La devise « libérer, protéger, unir » promue par le gouvernement en octobre 2018 peut paraitre quelque peu éloignée de la stratégie présentée par le chef d’État dans l’interview du Parisien. Pour Virginie Martin, politologue, ces mots éloignent le président de « sa mission politique d’arriver à faire société. » « Quand le politique divise ou casse le corps social, c'est toujours un problème. » renchérit la politologue.

Par défaut , c’est vrai qu’on a plutôt tendance à considérer que ce qui est de l'ordre du commun voire du vulgaire est davantage authentique et sincère parce qu'il y a plus d’émotion.

 Élodie Laye-Mielczareck, sémiolinguiste

Langue de bois contre parler vrai 

Emmanuel Macron a-t-il voulu opter pour un langage plus populaire pour répondre aux questions des lecteurs du Parisien comme le voulait le format ? « D'une manière générale quand on dit « je t’emmerde », même à un ami, c'est un peu compliqué. Dans un contexte très amical ce sont des mots qui peuvent se dire, dans un contexte politique, ça ne passe pas », rétorque Virginie Martin.

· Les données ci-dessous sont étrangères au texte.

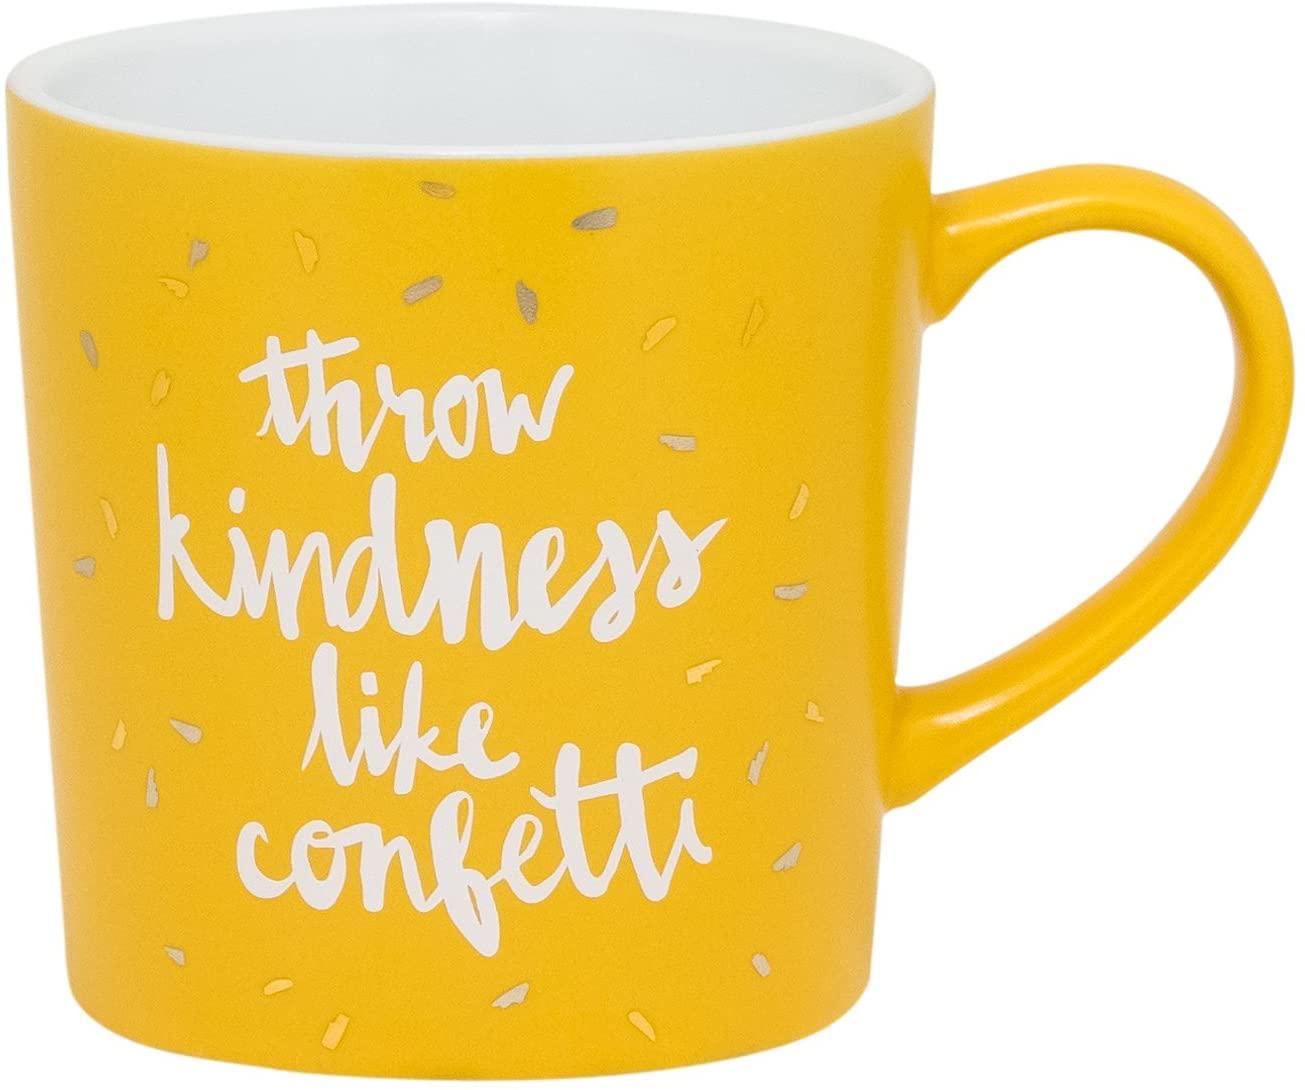 About Face Designs Throw Kindness Like Confetti Ceramic Mug, 18 Ounce, Orange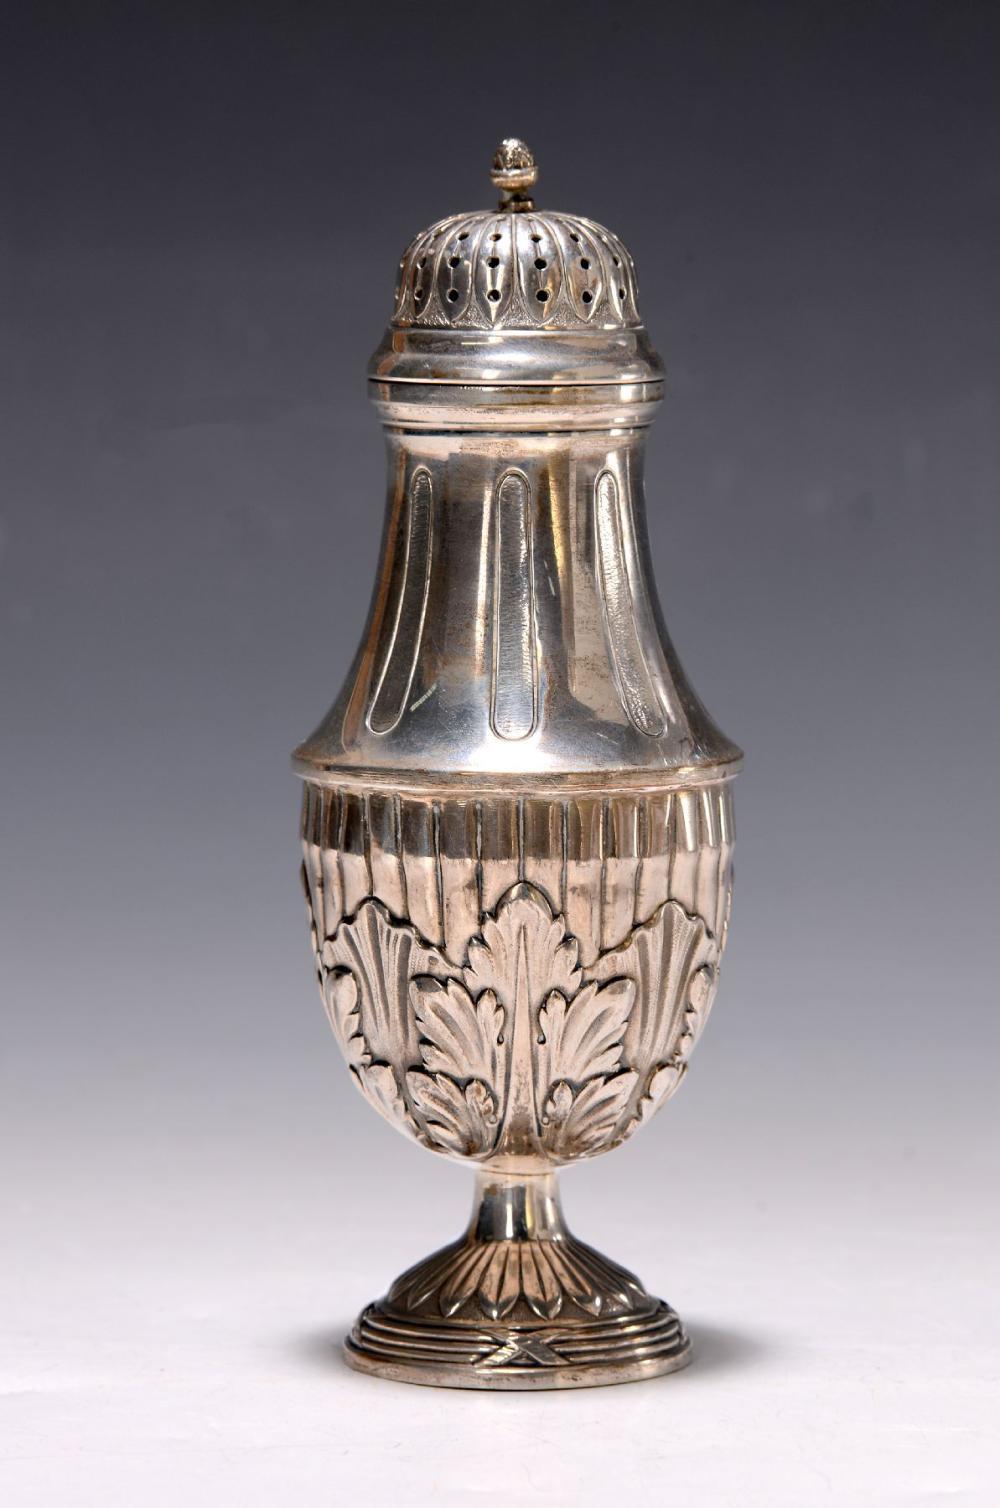 Salt shaker, around 1900, Berlin, classicist decor, 800

Parler franchement, voire de manière grossière, relève, pour Élodie Laye-Mielczareck, de ce qu’on appelle « le parler vrai » : « Ça fait des dizaines d'années que cela existe. C’est une autre figure de la langue de bois. Seulement, elle est beaucoup plus épicée, beaucoup plus clivante et cinglante. Par défaut , c’est vrai qu’on a plutôt tendance à considérer que ce qui est de l'ordre du commun voire du vulgaire est davantage authentique et sincère parce qu'il y a plus d’émotion. »

Voir aussi : Covid-19 : Omicron, la dernière vague ?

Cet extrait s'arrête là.